NdisAllocateIoWorkItem and NdisQueueIoWorkItem make no
statements (and provide no guarantees) about on which processor the worker
thread will execute. The subsequent handling of the packet is similar to the
well-behaved case (transferring process to an AgileVpn worker thread, etc.)
but, since the initial processor number is essentially chosen at random for
each incoming packet, AgileVpn worker threads on all processors are used.
A “snapshot” of the same Performance Monitor trace as above looks like this:
I used the word “snapshot” because the distribution of load
varies quite a bit during a test – the essential message is clear though: many
processors are sending packets on the same SPI concurrently and the risk of
disorder in the ESP sequence numbers is clearly present.
TCP CUBIC congestion control
Sending packets out-of-sequence is not ideal (especially if
the degree of disorder approaches the level where ESP Sequence Number
Verification starts to have an effect) but higher level protocols that
guarantee in-sequence delivery (such as TCP, HTTP/3, QUIC, etc.) have
mechanisms for coping with out-of-sequence packets.
In particular TCP, at one level, can handle out-of-sequence
packets easily. However the particular congestion control mechanism used for a
TCP connection can behave badly – and Windows’ current implementation of CUBIC
does behave badly and is the cause of the slow transfer rate.
This is what happens in the “discard” test case:
·
The client sends data bearing TCP packets
out-of-sequence to the server.
·
The server follows normally acknowledgement
policies (e.g. at least one acknowledgement for every two received data
packets) and includes SACKs where appropriate.
·
The client receives the acknowledgements and
sometimes a sequence of acknowledgements for the same sequence number are
received (because the segment that would fill the gap and allow the
acknowledged sequence number to be advanced has not yet arrived at (or just has
not yet been processed) by the server – because it was sent out-of-sequence).
·
The client triggers congestion control
mechanisms, reducing the size of its congestion window and (fast) retransmitting
the “missing” segment.
·
The server receives the duplicate segment and
includes a D-SACK in its next acknowledgement.
·
The client ignores the D-SACK.
In a better CUBIC implementation the client, upon receiving
a D-SACK, would “undo” the congestion window reduction caused by the spurious
retransmission and adjust its parameters for detecting a suspected lost
segment.
Summary and workarounds
A number of factors combine to cause the poor performance.
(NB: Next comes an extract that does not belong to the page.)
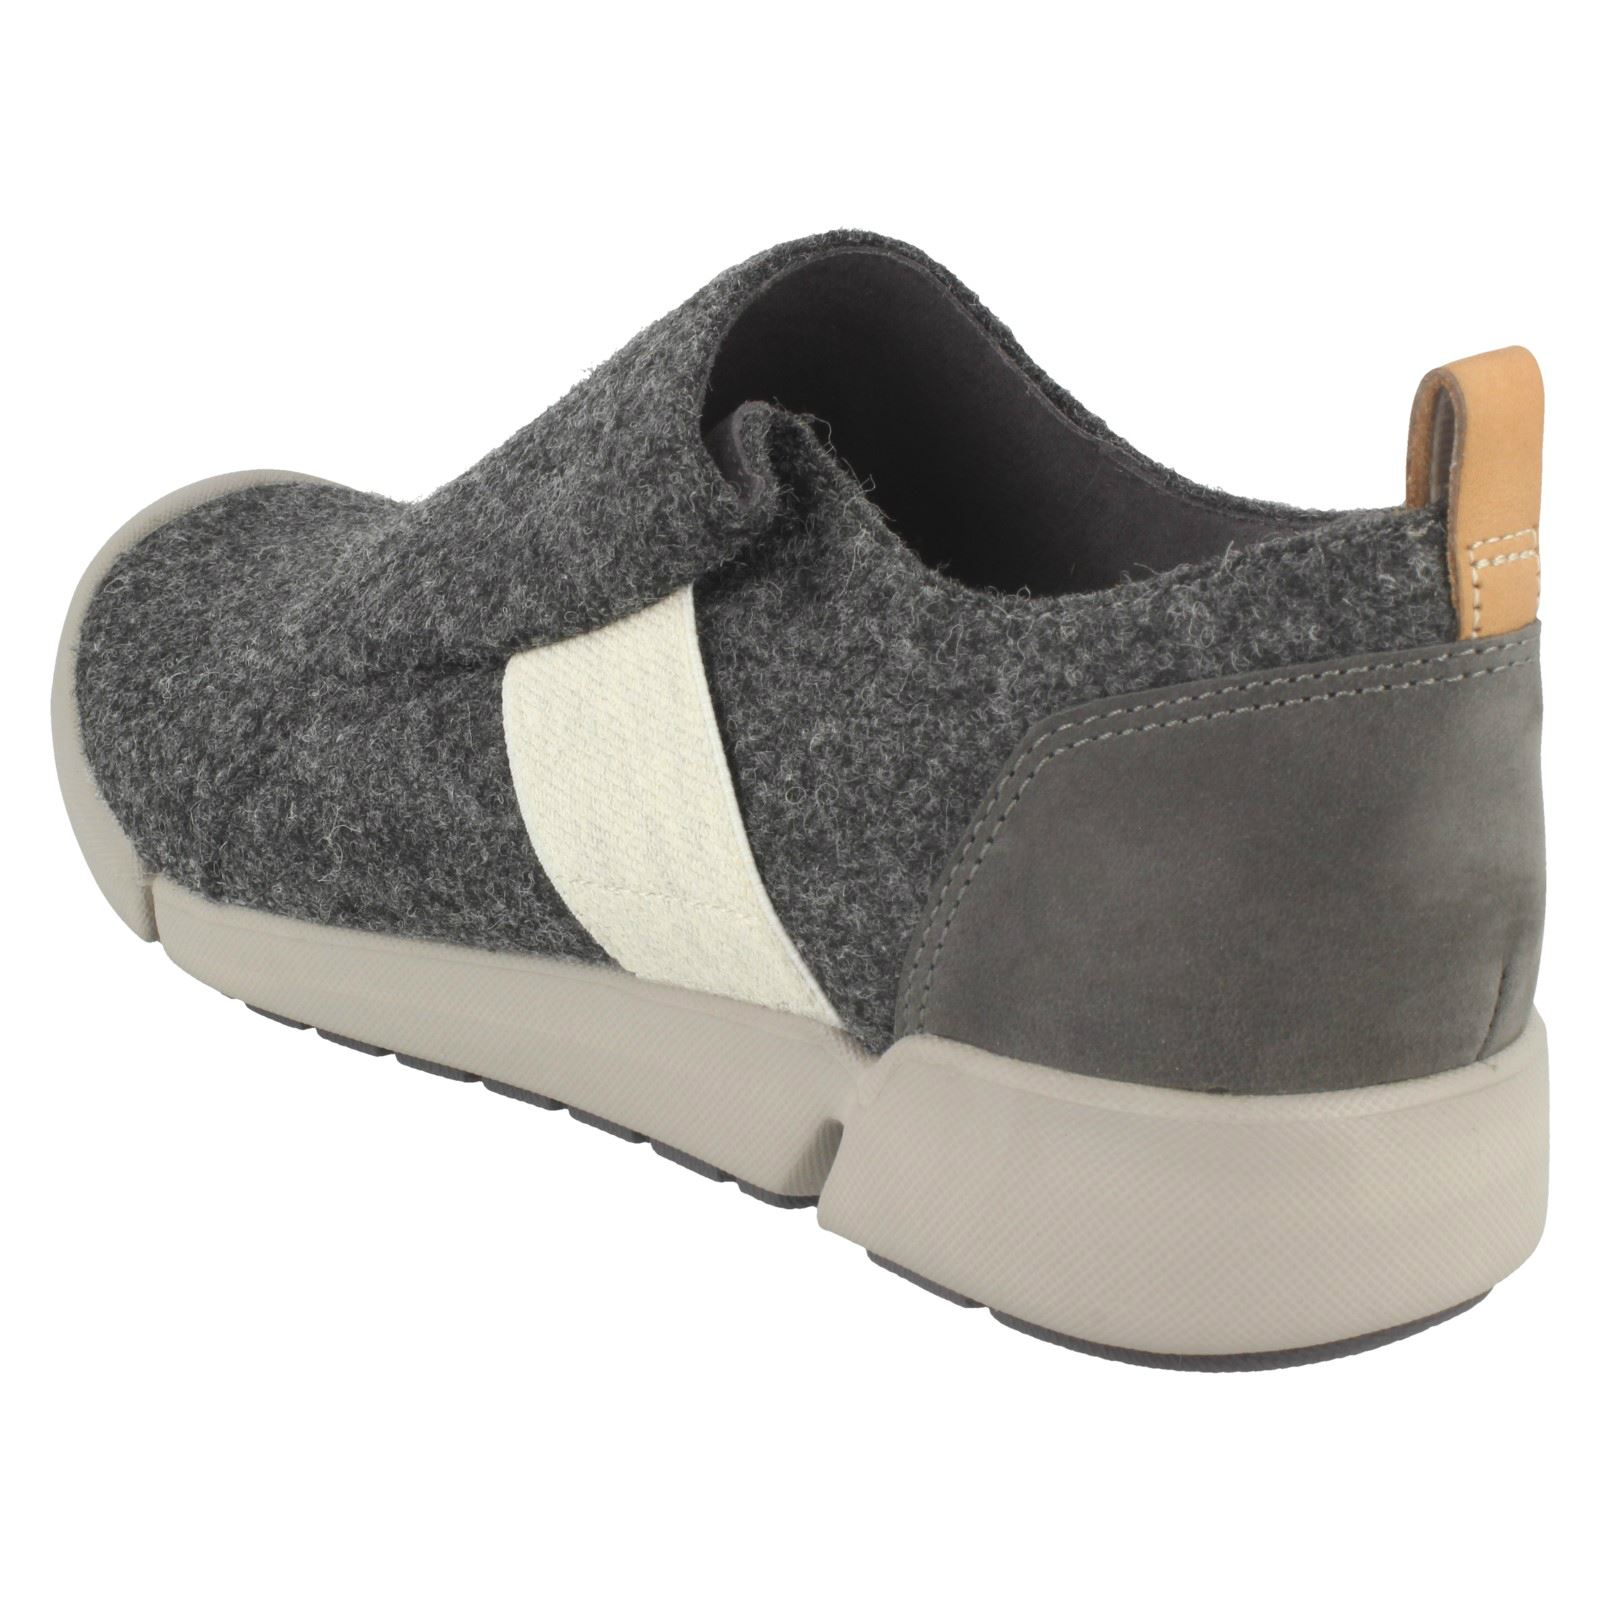 Damas Clarks zapatos  Lily Casuales De Tacón Alto Tri Lily  aa9678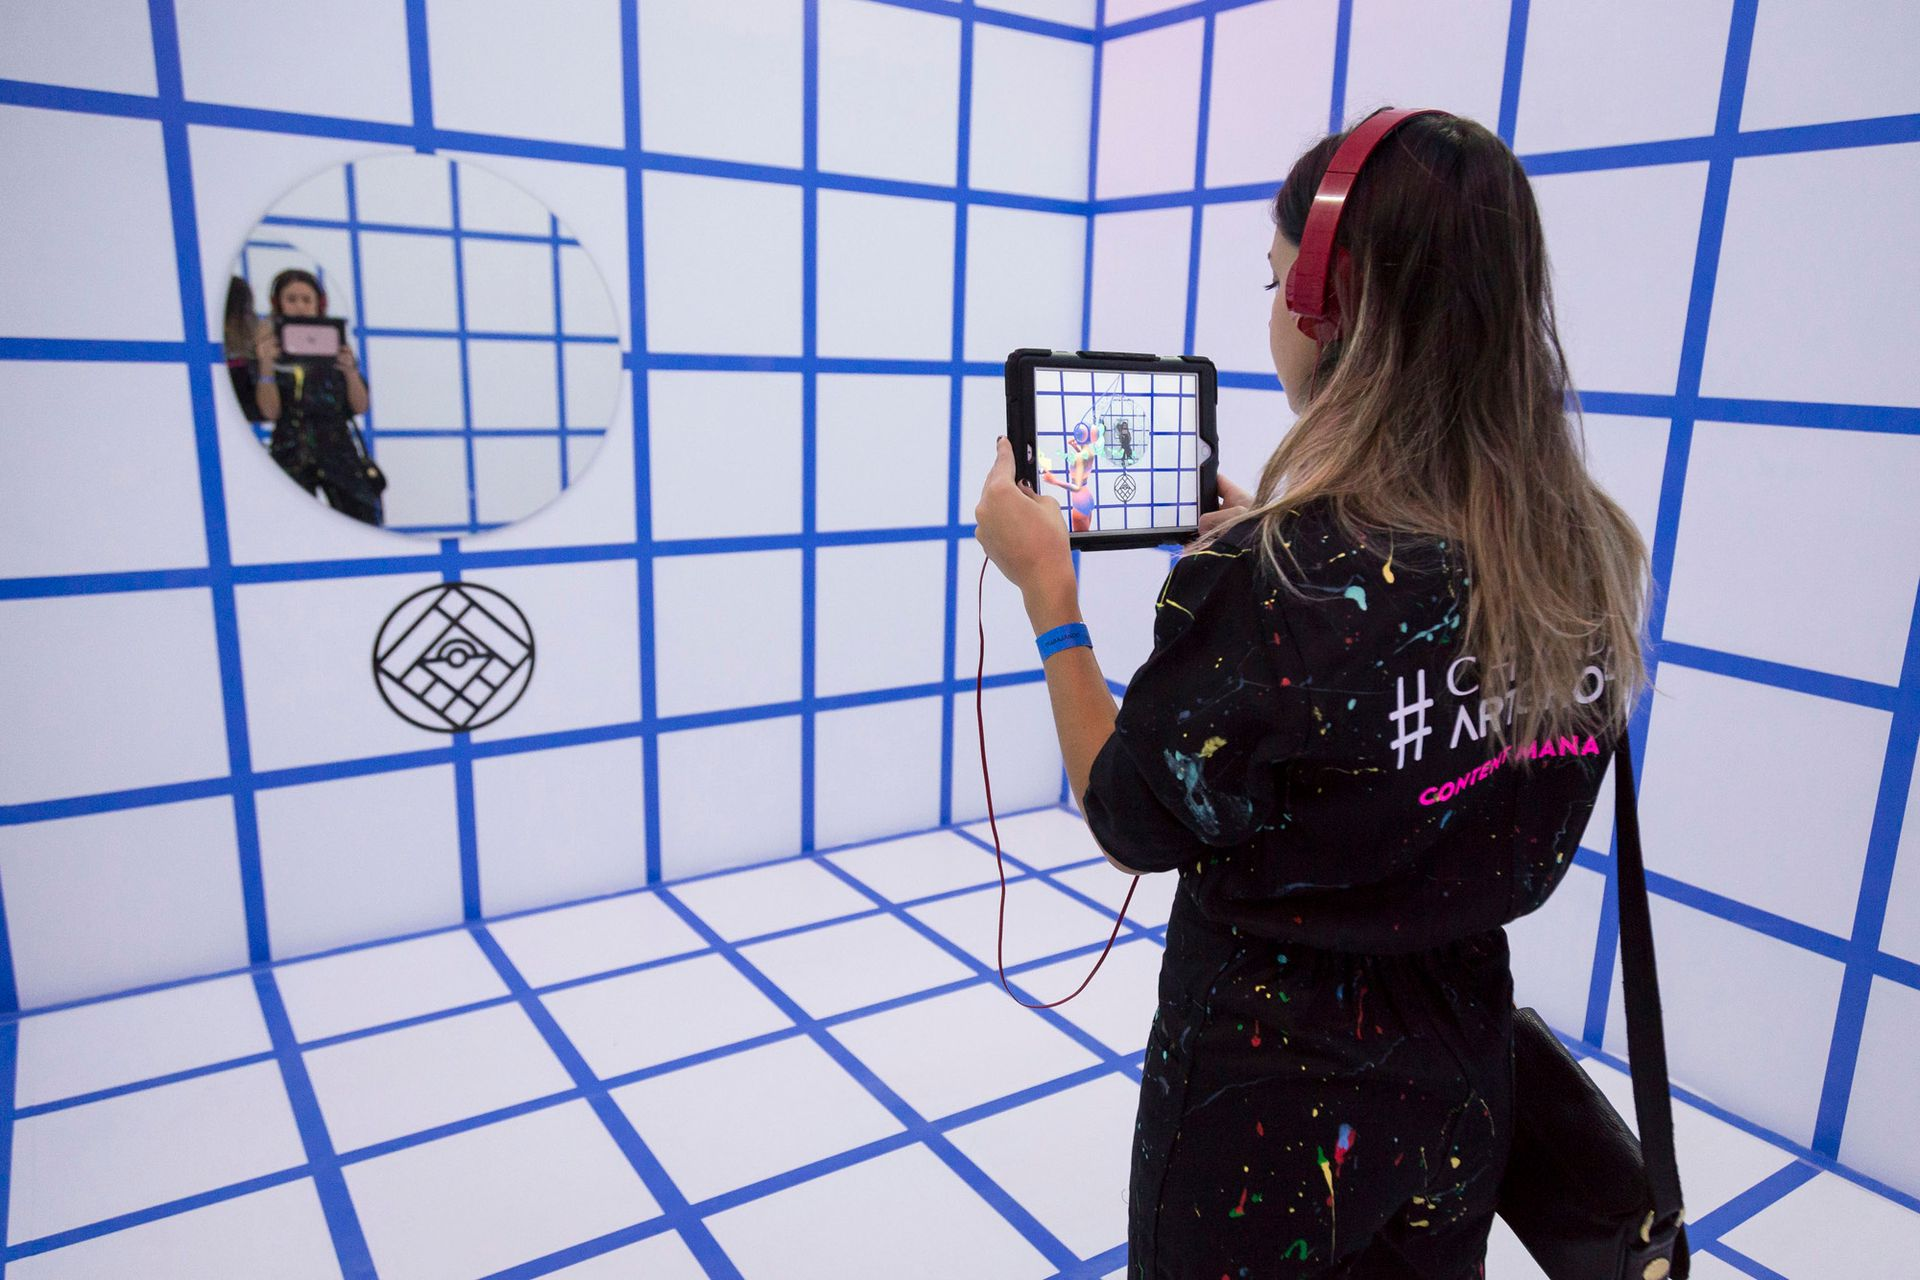 No falta realidad virtual

One element is a network adaptor that uses NdisQueueIoWorkItem, causing the
initial NDIS “indication” of packet arrival to occur on random processors.
Another element is how AgileVpn distributes the load based on the current
processor number rather than, say, SPI (although I don’t know if information
like SPI is available at the time this decision is made). The final element is
the TCP congestion control implementation weaknesses.
There are no good workarounds. Using different network interfaces
(if available) or different VPN protocols (if appropriate/possible) is
obviously possible (but probably an unhelpful suggestion). “Hamstringing” the
system so that it only uses one processor is not something that one could
seriously propose.
Improvements in the TCP congestion control implementation
have been announced but are not available in any mainstream Windows version
yet.